Beware that this post is related to an SDK in maintenance mode
More Info: Consider nRF Connect SDK for new designs

nRF52840 RAM questions regarding stack and heap

Hello,

The Nordic folks have explained this many times, and even have a dedicated section in the soft-device spec. However, I can’t connect the dots for some reason. In the happy path, it seems straightforward, but as complexity grows in the application, so does the logic around RAM usage. I added a quick diagram below to give context to the questions. This is mainly about RAM, and the relative position of the stack and heap.

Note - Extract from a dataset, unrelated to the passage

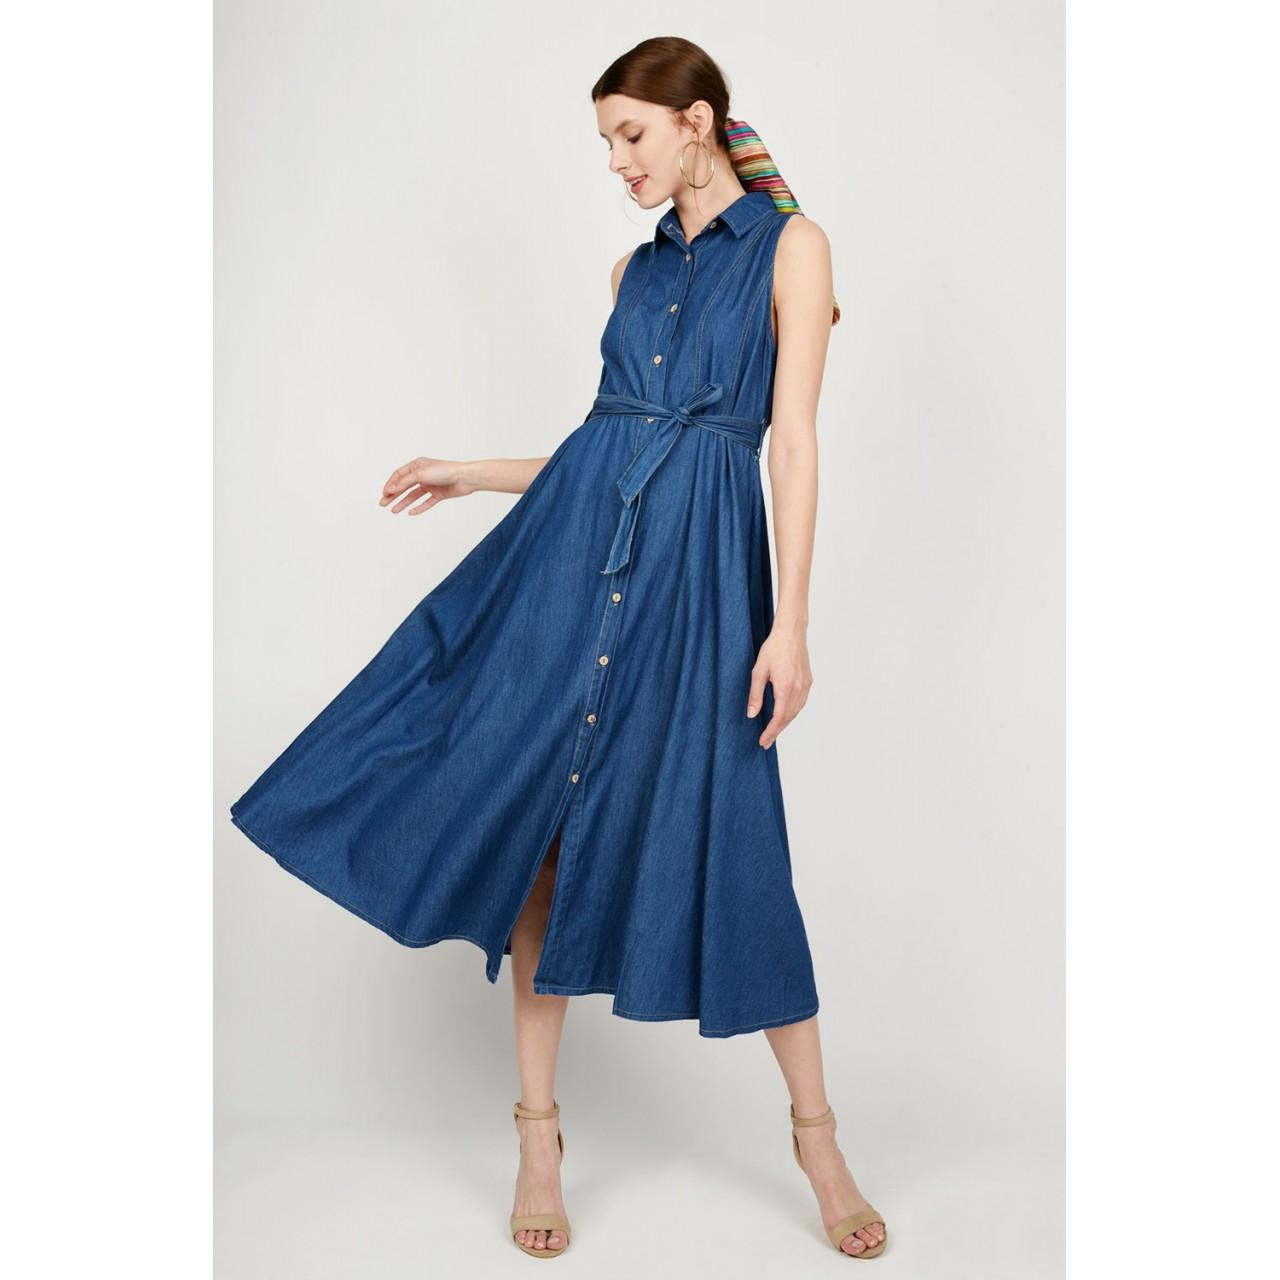 ca1fc2f6994e Φόρεμα jean midi με κουμπιά

The way I understand RAM usage within nRF52 is that, typically, the RAM_BASE is defined, growing upwards by the RAM_LENGTH. This can be seen in the S140 Softdevice spec below:

https://infocenter.nordicsemi.com/pdf/S140_SDS_v1.1.pdf

For example:

In terms of definitions, the address region for RAM has defined in the linker files as seen below:

MEMORY
{
FLASH (rx) : ORIGIN = 0x27000, LENGTH = 0xd9000
RAM_SPIM3 (rwx) : ORIGIN = 0x20006000, LENGTH = 0x02000
RAM (rwx) : ORIGIN = 0x20008000, LENGTH = 0x38000
}


Based on this, the stack would then live at the RAM end address, meaning STACK_TOP would be defined as (RAM_BASE + RAM_LENGTH). Again, this is defined in the linker file as well:

.heap (COPY):
{
__HeapBase = .;
__end__ = .;
PROVIDE(end = .);
KEEP(*(.heap*))
__HeapLimit = .;
} > RAM

.stack_dummy (COPY):
{
KEEP(*(.stack*))
} > RAM

__StackTop = ORIGIN(RAM) + LENGTH(RAM);
__StackLimit = __StackTop - SIZEOF(.stack_dummy);




As for the complexity mentioned above, now throw an RTOS like FreeRTOS into the picture. Nordic has examples of this as well. But the point is that FreeRTOS has its own stack/heap designations as well. For example:

#define configTOTAL_HEAP_SIZE 131072 // In bytes
#define configTIMER_TASK_STACK_DEPTH 200 // In words (800 bytes)
#define configMINIMAL_STACK_SIZE 60 // In words (240 bytes)

Similarly, based on how FreeRTOS is configured, you may even have specific implementations of the heap provided by the OS, such as heap_[1-5].


With all of that said, I’ve tried to organize my thoughts into three main questions, all of which are kind of tied together in some way.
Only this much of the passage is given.